Pamela Janice Warhurst  (born 1950) is a British community leader, activist and environment worker best known for founding the voluntary gardening initiative, Incredible Edible, in  Todmorden, West Yorkshire. In 2009, Prince Charles visited the project in support.

Warhurst is currently Chair of Incredible Edible and Chair of the Todmorden Town Deal regeneration board  and was formerly Chair of Forestry Commission Great Britain, which is the largest land management commission in the country. She was also Chair of The Incredible Aquagarden, a social enterprise demonstrating and teaching  urban farming (dissolved) and Chair of Handmade Parade a leading community arts enterprise, a Fellow of the Royal Society of Arts & Manufacturing and is an Honorary Fellow of Landscape Institute and Leeds Becket University. She has an MA in Economics from Manchester University.

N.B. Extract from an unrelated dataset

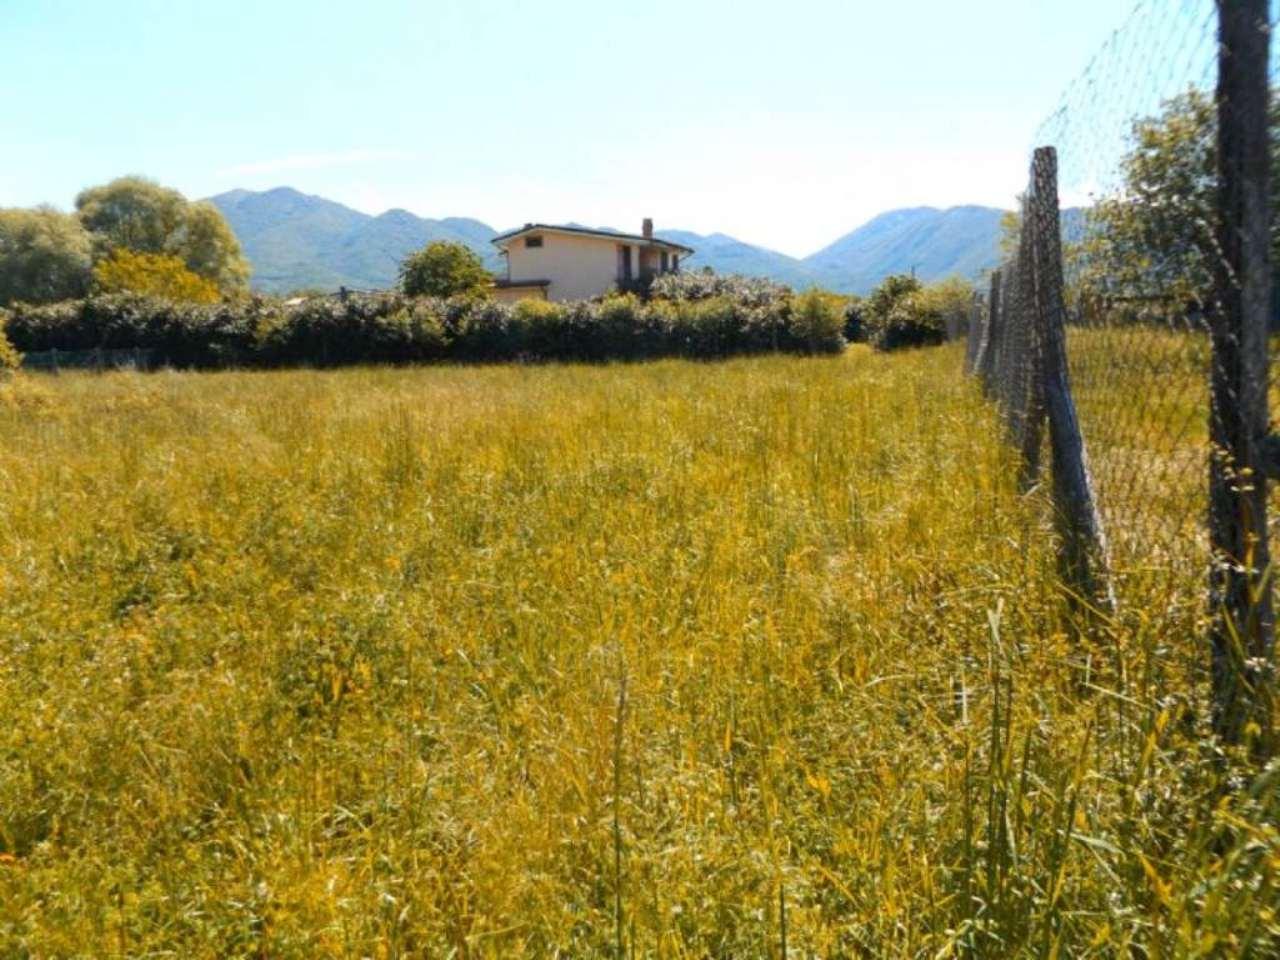 Terreno Agricolo in vendita a Oricola, 9999 locali, prezzo € 22.000 | CambioCasa.it
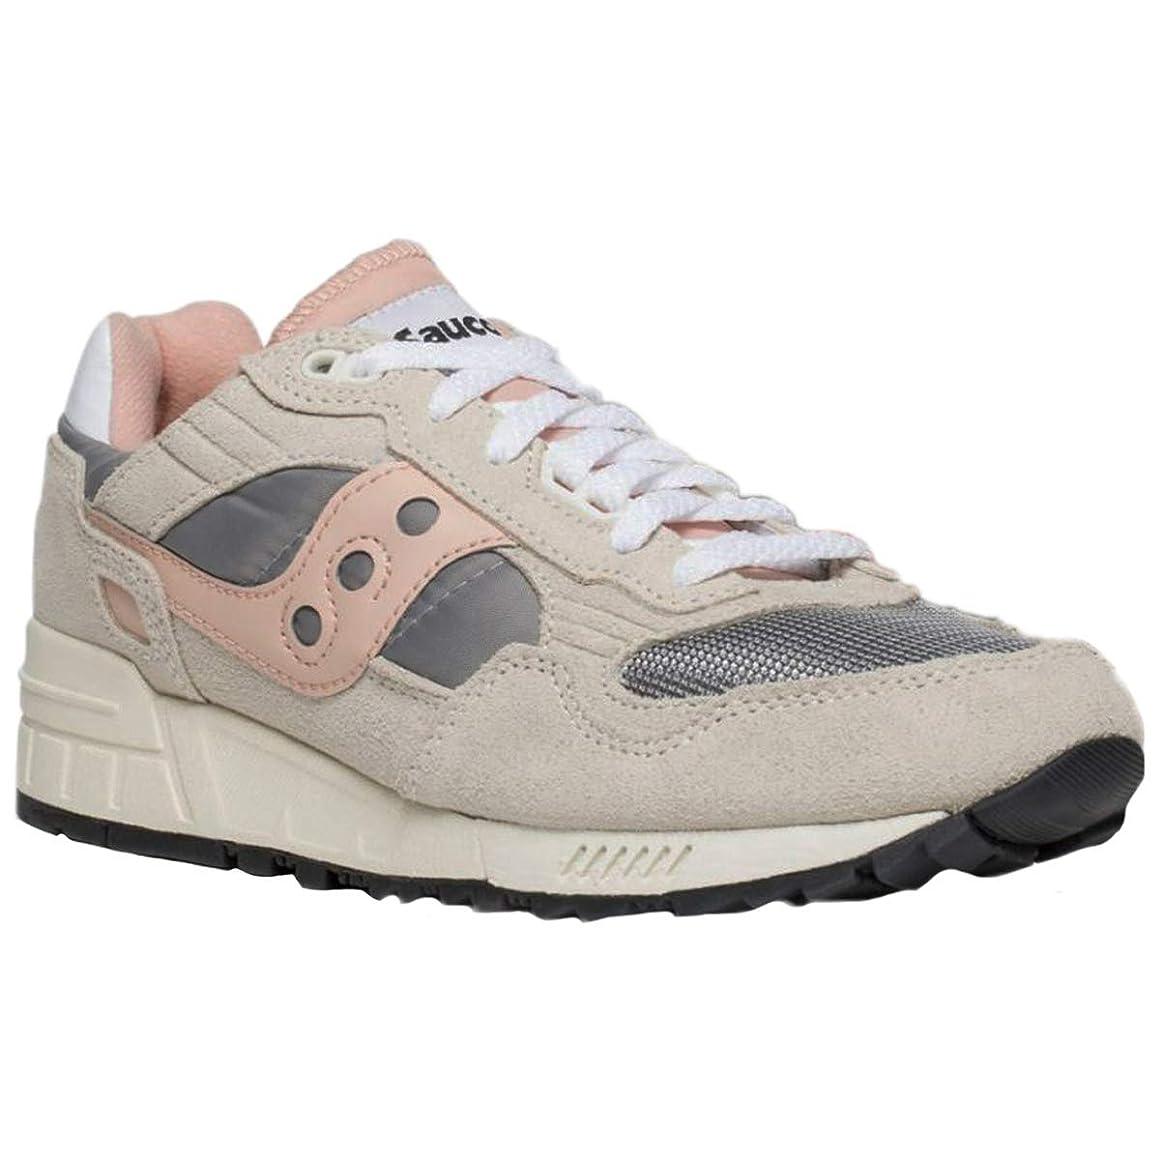 船員たぶん系統的Saucony Shadow Vintage, Shoe for Women 25,5 White

She previously served as a member of the Board of Natural England, where she was the lead non-executive board member working on the Countryside & Rights of Way Bill in 2000.
She has been both Deputy Chair and Acting Chair of the Countryside Agency, a Labour council leader on the Calderdale Council, and a board member of Yorkshire Forward. She has also chaired the National Countryside Access Forum and the Calderdale NHS Trust.

From 2005 to 2018 she took the Chair of Pennine Prospects, a regeneration company focusing on the South Pennine region of the United Kingdom. In the New Year Honours 2005 Warhurst was appointed as a Commander of the Order of the British Empire (CBE), for services to the environment.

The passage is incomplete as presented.